As for comparing violence against one thing to another, Jabrosky you said it's worse when a human is the victim; I find I can handle it equally whether human or animal, far easier if it's a CGI creature like a dragon, but not at all if it's real, like in documentaries. The documentary Grand Prix: The Killer Years made me cry a lot, for example, seeing footage of people burning to death in their cars while the race continued around them and marshals and other drivers tried in vain to pull them out. When it's real I can't handle it; when I know it's fiction I can, I just don't like it if it goes beyond what is necessary.


----------



## SlimShady (Aug 30, 2012)

I think the blood and gore in recent movies are usually laughable.  Sometimes it doesn't even look like real blood.  I much prefer the realistic portrayals of real wounds.  It makes the movie more haunting when a particularly liked character is killed in a bloody way.  The battles also become much more awesome when you get an idea of just how brutal things were.


----------



## squishybug87 (Aug 30, 2012)

I don't really like gore too much. I tend to get turned off of movies and shows that are needlessly gory. The only exception I have to that rule is Spartacus on Starz because the character development and plot is just so gripping to me. I usually look away when those scenes come up (that and the excessive sex scenes). 
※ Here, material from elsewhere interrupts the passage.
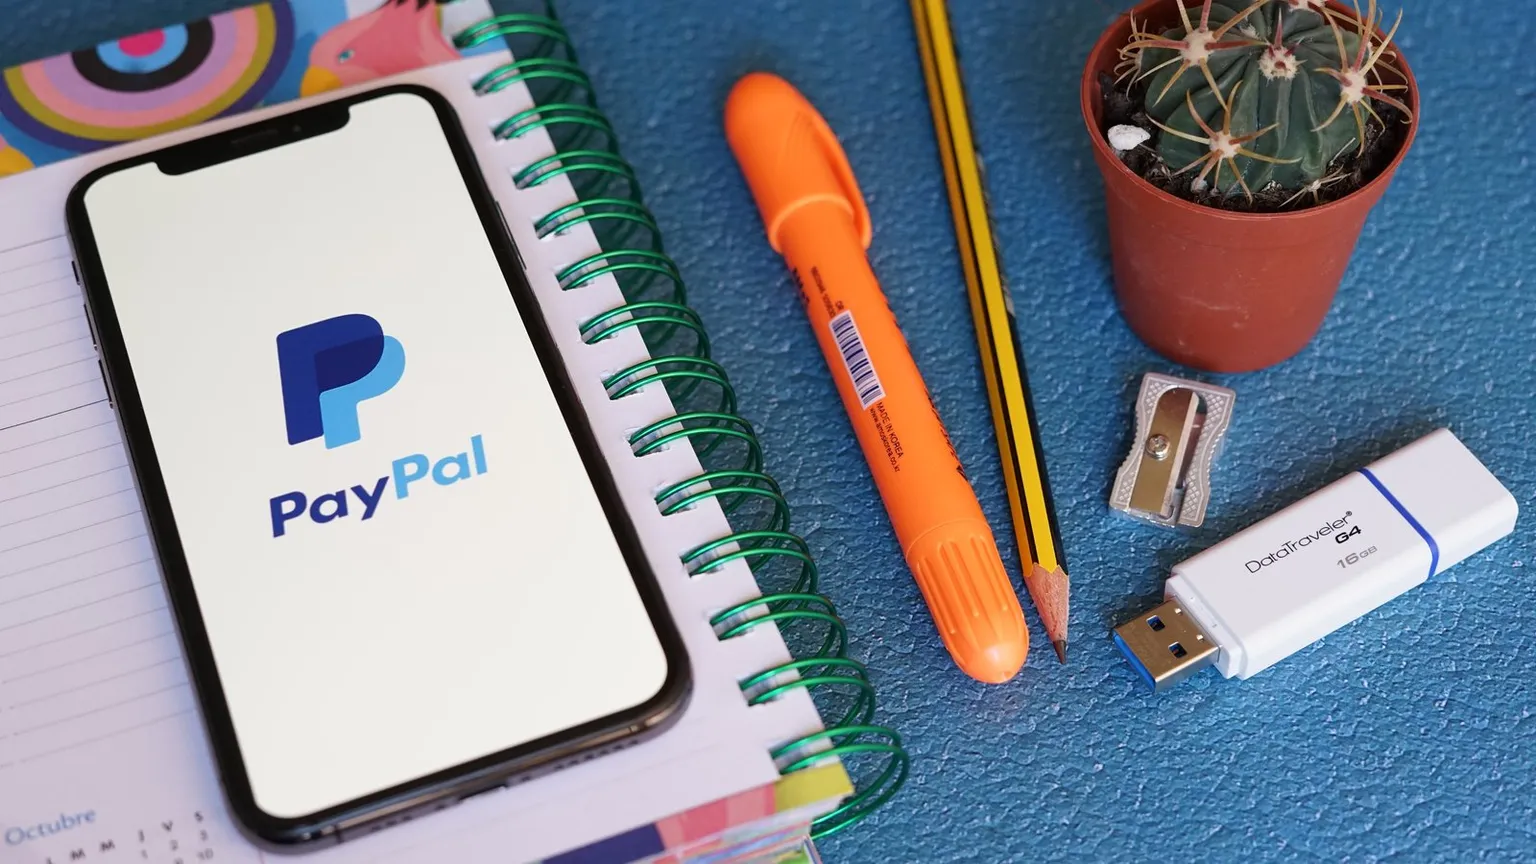 Paypal App on iPhone Screen on Opened Agenda Book with Stationery on a Blue Table

I do love action though. I love a good martial arts movie. I love anything that pumps the adrenaline. Interestingly enough, several of my favorite movies are military dramas, but I think I'm just intrigued by, again, the potential character development as many of these are more character driven than plot driven. I really like Asian martial arts movies because they are usually very pretty visually (House of Flying Daggers, Hero, Crouching Tiger Hidden Dragon, etc). 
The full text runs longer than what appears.